What is it with you and post-punk power pop?
I like The Ramones. I love Green Day! I’ve always loved Cheap Trick, and I’ve always loved taking the structures of The Beatles and making it a little harder. If you added up the shred guitar music I’ve listened to as a fan over the last 10 years, it might add up to about half an hour. I think I’d be much more successful if I decided to be a solo guitar instrumentalist, hopped on a G3 tour, and only played harmonic minor scales really fast. But I have to play what I like. I like pop music and I love crazy guitar and I have to put them together. I love the juxtaposition.

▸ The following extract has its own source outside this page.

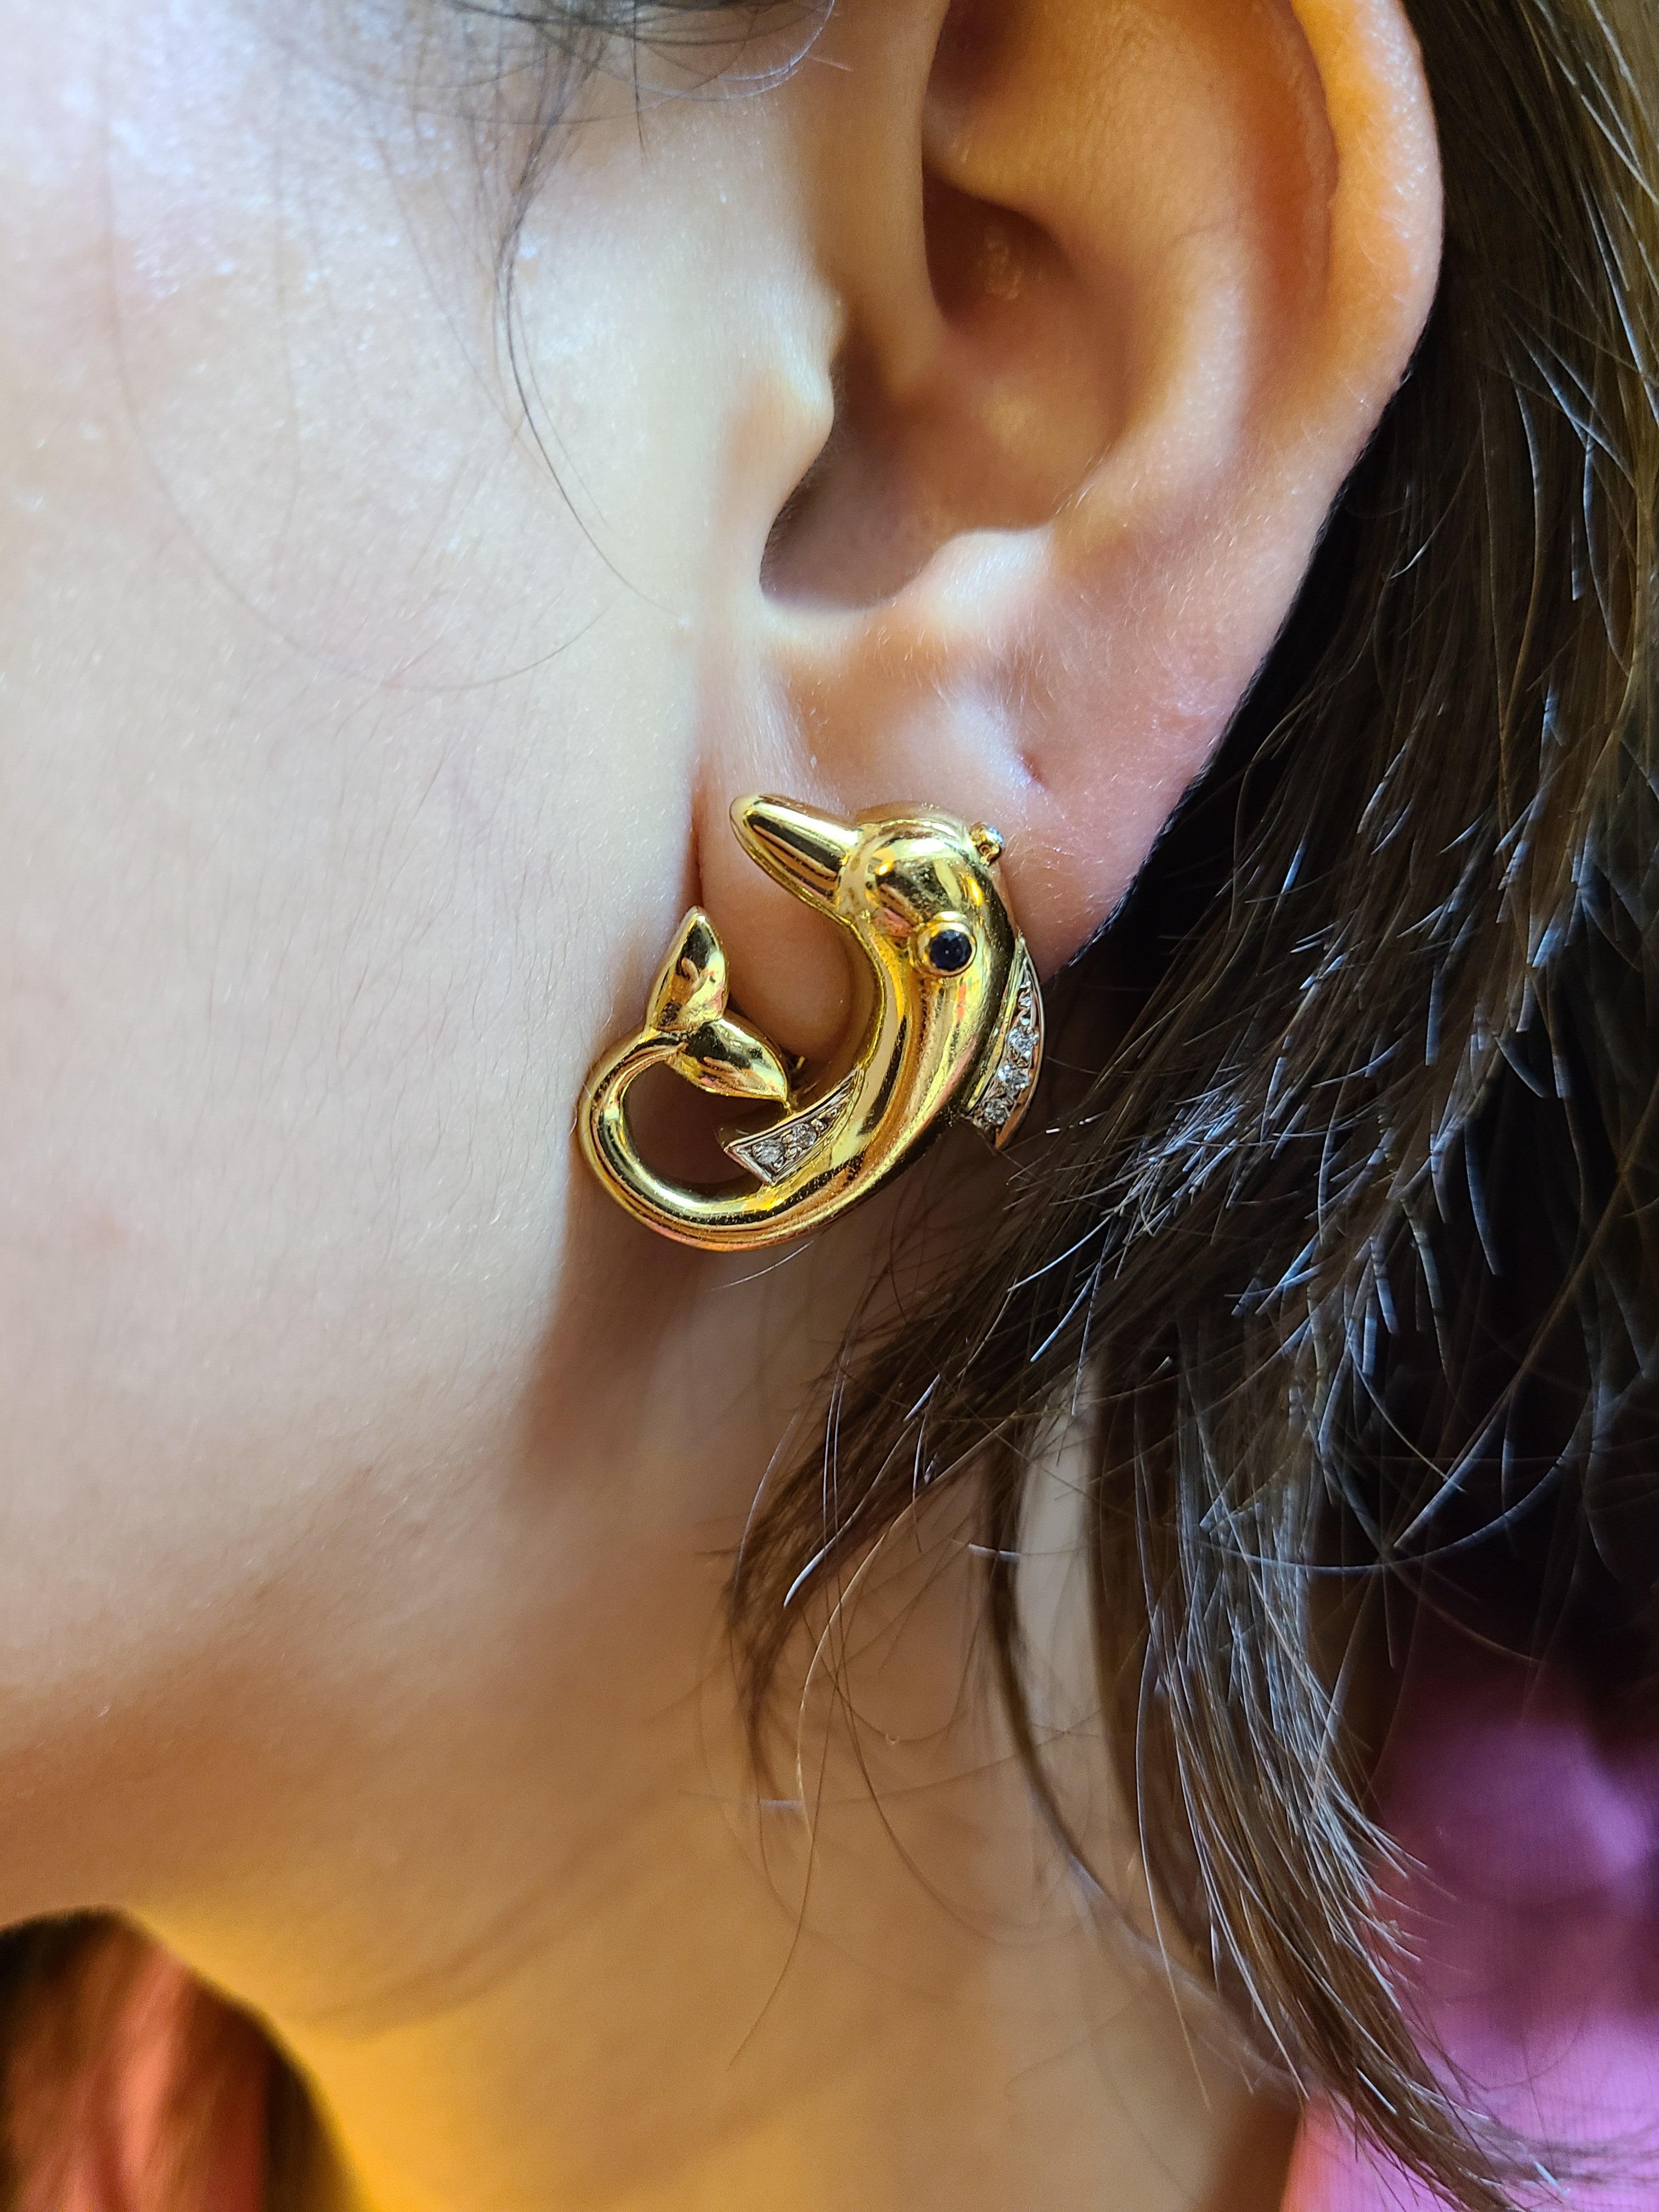 A Pair of Designer Dolphin earrings made in 18K gold by Alen Dione (Marked) with Diamonds . The gross weight of the earrings is 15.5 grams with 10 pieces of diamond. The earring dimension in cm 2.5 x 2 x .3 (LXWXD). These are clip on studs , can be

Talk about Space Ship One.
It was the first time I’d really done a record in a big studio since my Mr. Big days. We played the whole album pretty much as a concert. Because we did a lot of rehearsing, I got more influenced by the other musicians than I normally would. That pushed it in a more rock direction because I tend to write more pop songs than I should. The first half of the album is pretty straight heavy rock with progressive or metal elements. The second half has more pop stuff. There’s a rockabilly number, a cover of George Harrison’s “It’s All Too Much,” and there’s an acoustic song.

What kind of gear are you using?
A Laney VC50 2×12″ combo. And I love my ADA Flanger – I get to pretend I’m Pat Travers. I’m a huge Pat Travers fan. I’ve gotten so much from his playing and his sound. I’m trying to bring it to the kids. I’m also using the MXR Phase 90 because I love old Van Halen solos. I collect Ibanez guitars from the ’70s and ’80s. I’m playing a killer Rocket Roll II.

What is it about Pat Travers?
When I went to GIT, I discovered diatonic harmony and three-note-per-string scales. It was a very powerful feeling. I thought this explained all music, because I was into Iron Maiden-ish heavy metal at the time. Whenever I’d go to a blues jam, I would sound horrible. None of the minor scales worked. I had no vocabulary in that style. I had one once but getting into diatonic harmony and metal destroyed my blues playing. Pat’s Go For What You Know album saved my soul in that sense. I started figuring out the solos on it, and redeveloping a blues vocabulary. When I say “blues,” it’s more rock with a blues tonality. I love the sound of his vibrato and phrasing, the ease with which he played, and what he did with the flanger and wah. Guitar players of the ’70s and early ’80s had a real ease and finesse about the way they played. That’s what I like about Pat Travers – he’s a rocker.